Rejeito pois esta Proposição pelas razões que expendi.

O Sr. Fonseca Magalhães —...

O Sr. C. de Lavradio — Sr. Presidente, o meu nobre amigo o D. Par o Sr. Fonseca Magalhães defendeu muito bem, como costuma, as suas opiniões: defendeu muito bem a primeira parte da conclusão; mas S. Ex.ª não provou a segunda, porque eu sou da opinião de S. Ex.ª quanto á primeira parte, de que é muito mais util fazer-se uma arrematação por tres annos do que por um anno; mas o que S. .Ex.ª não provou, foi a constitucionalidade da medida, nem o podia provar, porque lá estão as disposições do artigo 137.º da Carta Constitucional que se lhe oppõe. Se esta despeza fôr approvada, está claro, como já ainda agora disse, que temos de approvar um imposto equivalente, é isto o que eu intendo não podemos fazer senão por um anno; porque, quanto ao mais estou de accôrdo com o D. Par.

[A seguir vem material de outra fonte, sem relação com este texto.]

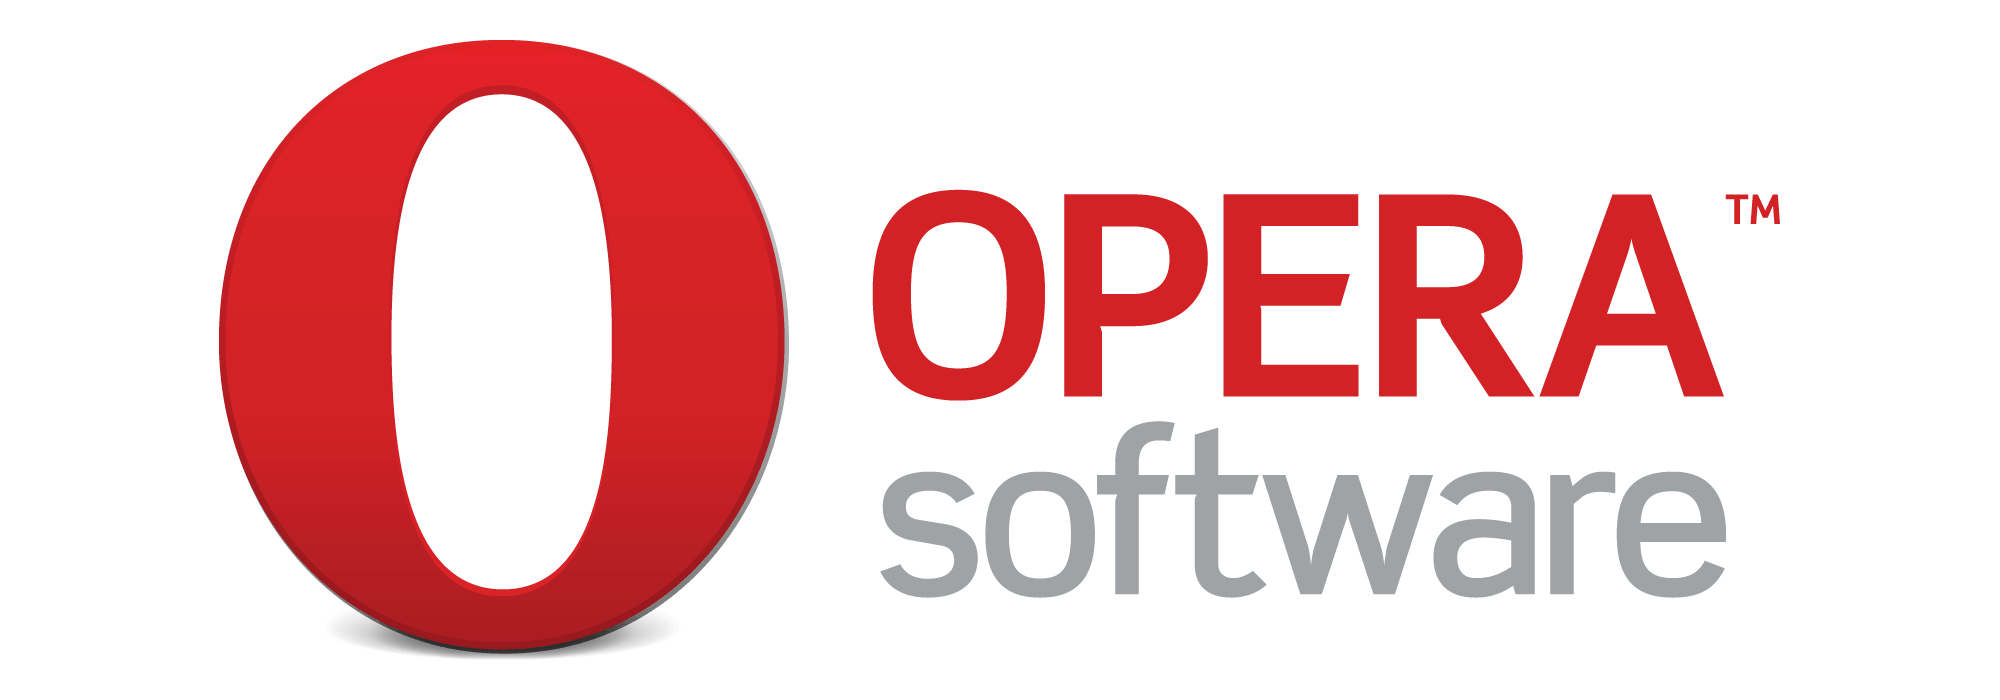 Opera Logo - Image - Opera-logo.png | Logopedia | FANDOM powered by Wikia

O Sr. Fonseca Magalhães —...

O Sr. Presidente — Como ainda não ha numero para se votar, julga-se a materia discutida, e passa-se á discussão de outro Parecer (Apoiado.)

Parecer n.º 158 sobre a Proposição de Lei n.º

131, authorisando o Governo para alterar o Regulamento do Conselho de Estado.

Parecer n.º 158.

Senhores: — A Commissão de Administração Publica foi presente o Projecto de Lei, vindo dá Camara dos Senhores Deputados com o n.º 131,1 pelo qual e authorisado o Governo a revêr o Regulamento do Conselho de Estado de 16 de Julho de 1845, organisado para a execução da Carta de Lei de 3 de Maio do mesmo anno.

A Commissão, considerando que e indispensavel remover algumas difficuldades que o dito Regulamento offerece na pratica do Serviço; é de opinião que o referido Projecto dele ser approvado.